• [Your objective] The entire set of lines below should be copied exactly.

• [Supplied data]

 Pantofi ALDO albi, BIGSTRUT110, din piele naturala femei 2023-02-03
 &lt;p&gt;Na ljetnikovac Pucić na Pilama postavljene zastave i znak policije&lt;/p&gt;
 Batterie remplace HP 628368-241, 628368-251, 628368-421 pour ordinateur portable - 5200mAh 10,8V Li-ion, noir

• [Output of the task]
 Pantofi ALDO albi, BIGSTRUT110, din piele naturala femei 2023-02-03
 &lt;p&gt;Na ljetnikovac Pucić na Pilama postavljene zastave i znak policije&lt;/p&gt;
 Batterie remplace HP 628368-241, 628368-251, 628368-421 pour ordinateur portable - 5200mAh 10,8V Li-ion, noir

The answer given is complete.